Mysql – how to deal with thesql 500 million data per month

MySQLmysql-5.6

this is a interview question

a telecom billing system, there is a internet flow table (phone_number,start_time,stop_time,time_lasting,fare),500 million records per month(2G),every record size is 300K, insert and update when people use 4G to surf the internet,and update their account balance every time(166 write/s),and people will query their internet details from 5 * 6 = 30 hundred million (save half year data)

question1:how to use mysql to handle these data?
quesiton2:how to optimize insert and update?
question3:how to optimize query ?

my opion (mybe not correct)
1.insert and update is a transaction so use InnoDB engine
2.partition table every day
3.do I need redis or anything to help speed up insert and update ?
4.I don't know how to deal with this query optimize

thank you very much

Best Answer

Plan A: ENGINE=InnoDB, with these specific suggestions:

Since you are purging after 6 months, I recommend PARTITION BY RANGE (TO_DAYS(...)) with weekly partitions. Every week, drop the oldest and REORGANIZE "future" into "next week" and "future". See Details.

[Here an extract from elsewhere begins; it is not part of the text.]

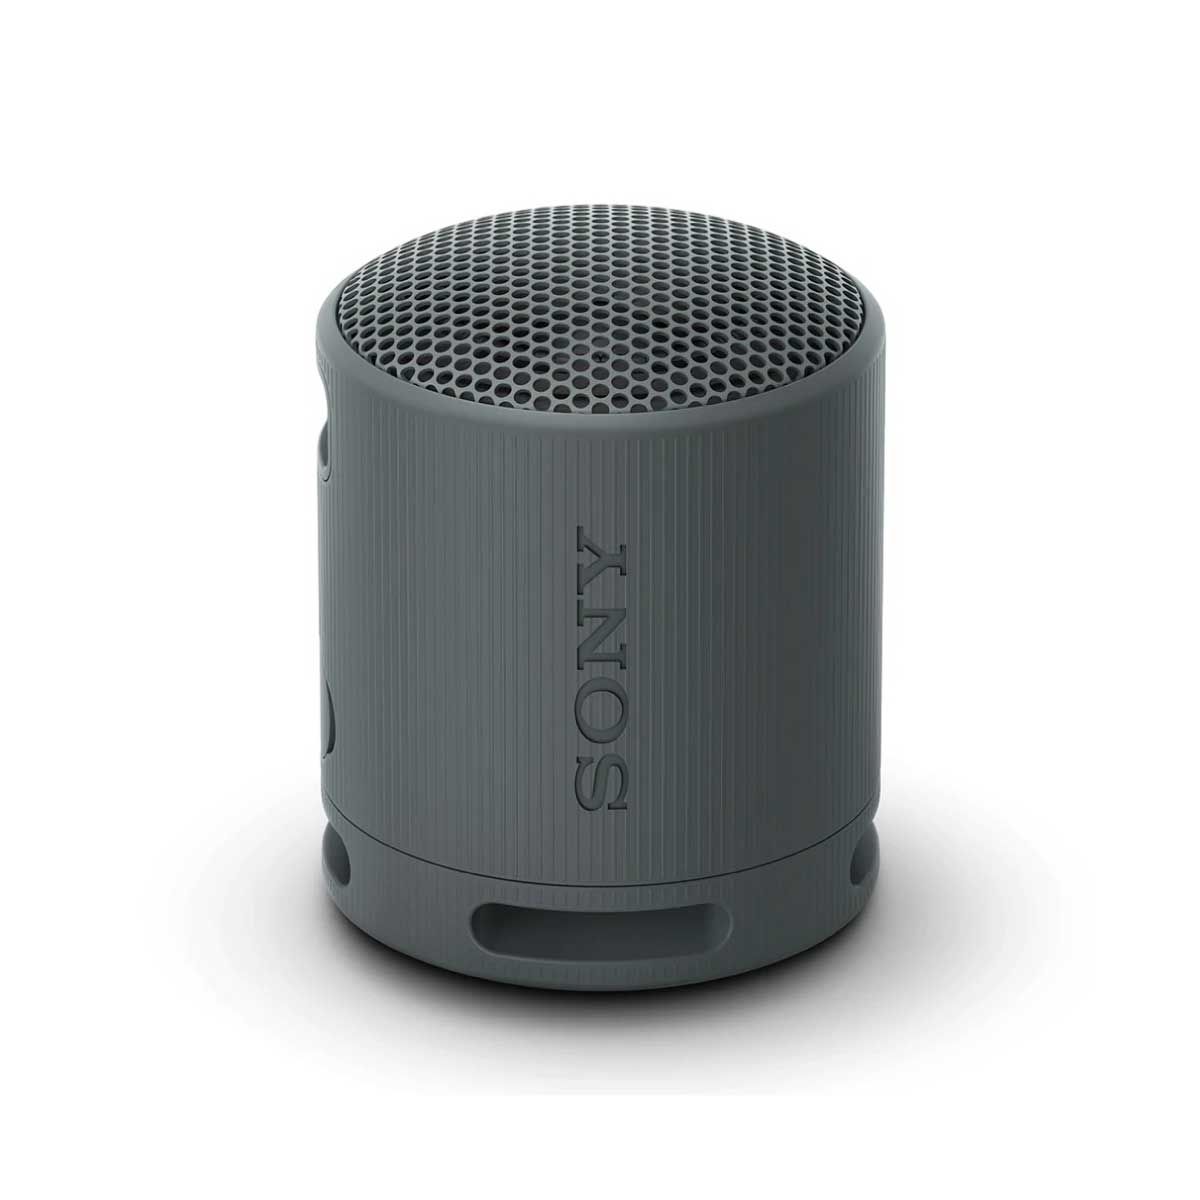 SONY ลำโพงบลูทูธ  รุ่น SRS-XB100 Wireless Speakers ลำโพงพกพา กันน้ำกันฝุ่น IP67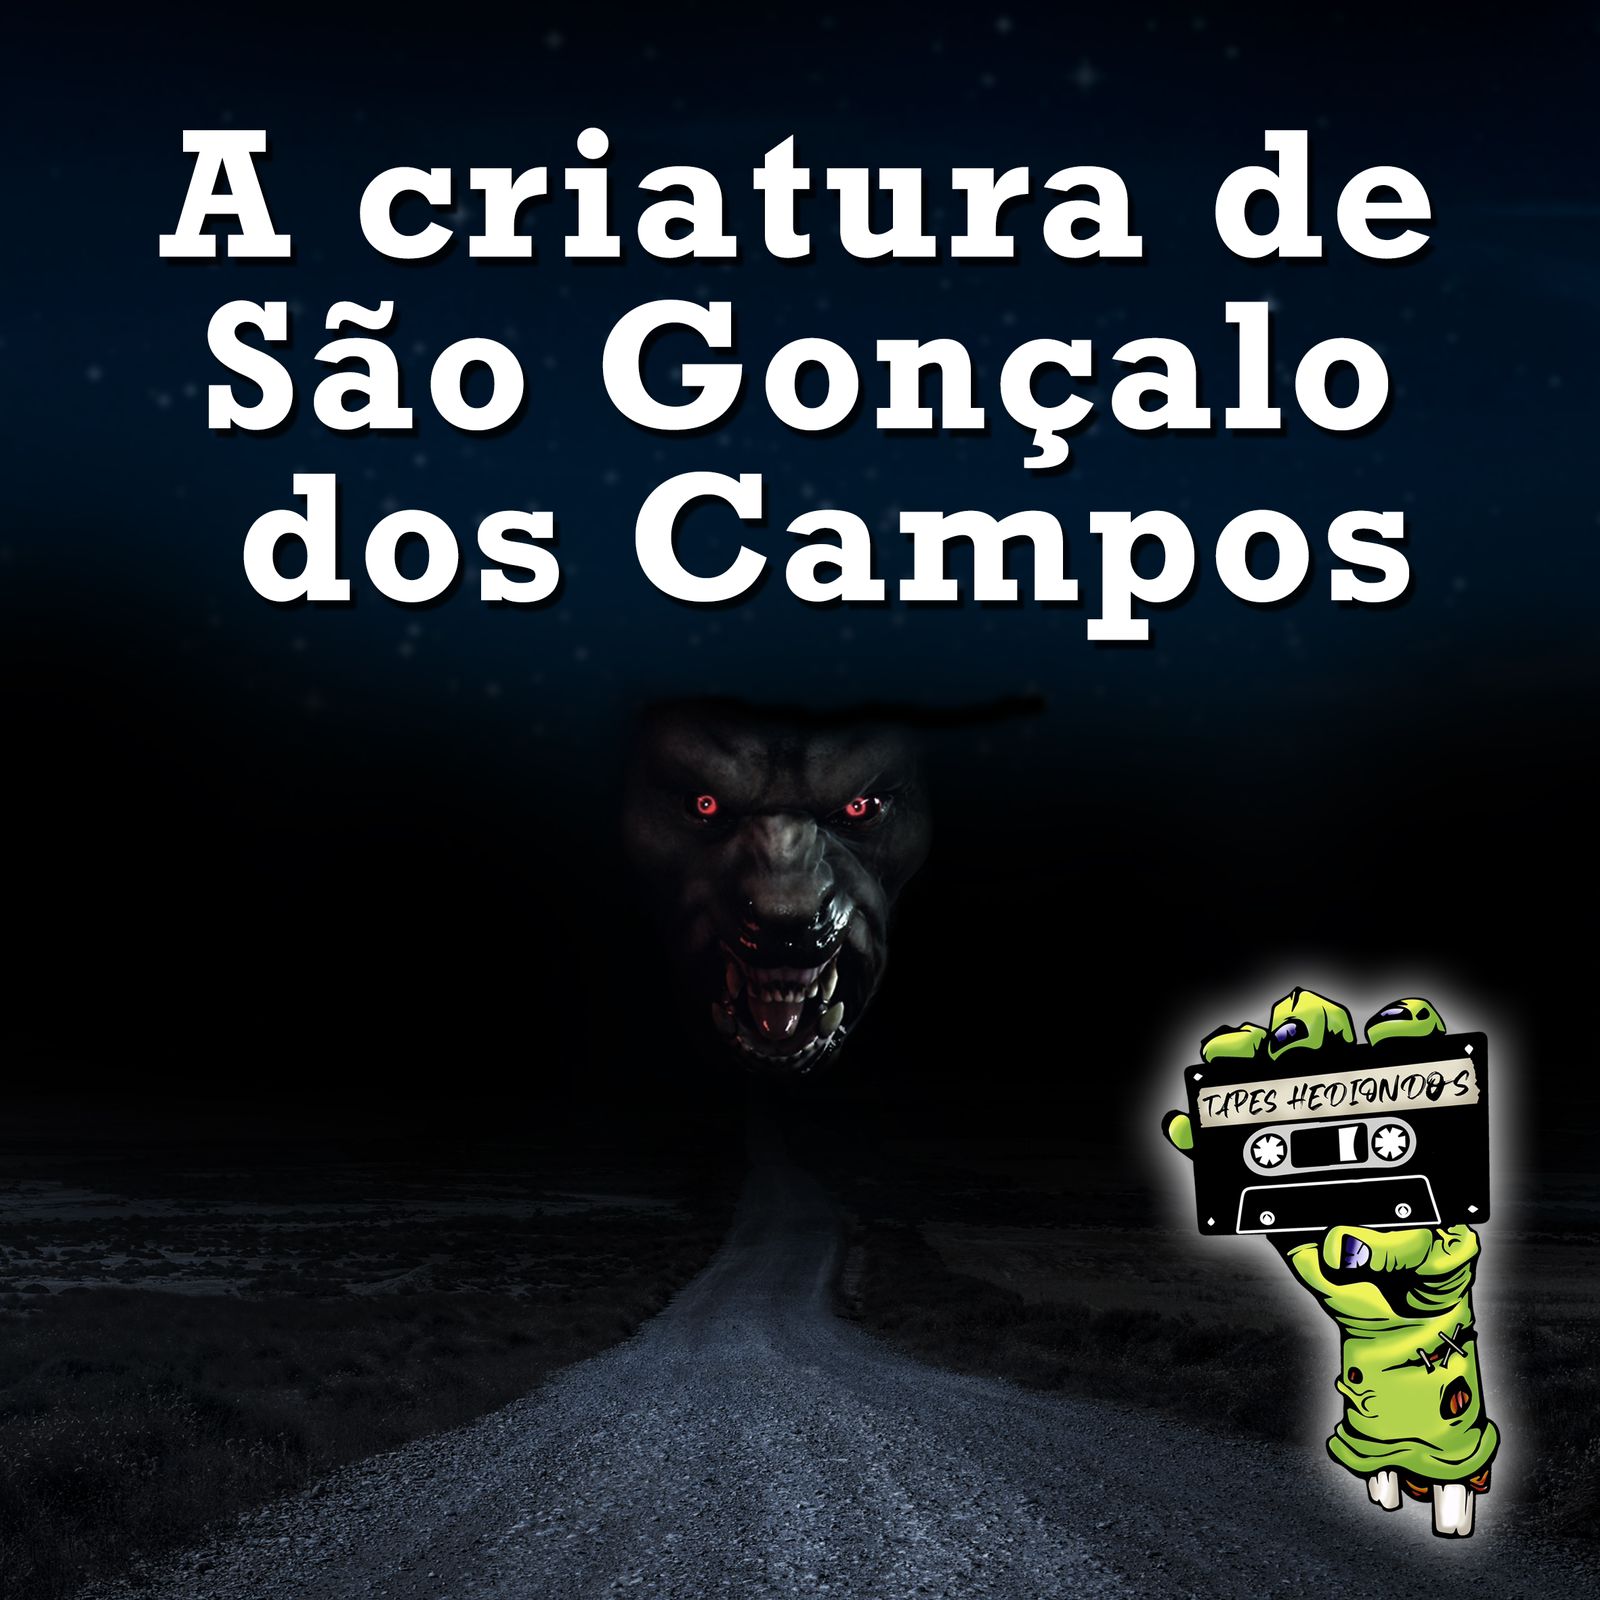 Tapes Hediondos - EP 1 - “A criatura de São Gonçalo dos Campos"

Partitioning by day leads to so many partitions that it is inefficient. And, dropping a week's worth of data is just as easy as a day's worth.

a_vlad is right that partitioning does not necessarily help with queries. But it is excellent for that time-based purge.

200M * 300K is more like 2T. Where is the math error? Perhaps 300B? Are you implying a fixed-length row? Don't.

300KB for one record seems terribly big -- what are you keeping in it? Seriously consider normalizing out any repetitive columns.

Provide a tentative SHOW CREATE TABLE and the main queries (insert/update/delete). It is unclear that there need to be any updates or deletes for your application.

166 writes/sec is pushing the limits of a spinning drive. Either use hardware RAID-5 with a Battery Backed Write Cache or use SSDs.

I suggest you adapt the suggestions in my High speed ingestion blog. That discusses a technique for getting well past 166 writes/sec. (Keep in mind that you will have peak loads that are much higher than 166.)

Plan B: NDB Cluster. (Sorry, I don't have specific suggestions. But NDB was designed for Telecom.)

Redis? That adds another moving part -- more things to go wrong. And, assuming that your traffic is reasonably consistent, there is little to be gained by any buffering scheme.

The MySQL box should be separate from the Client box(es). You should design the client boxes (web servers?) to be scalable -- any number of them, add more as needed.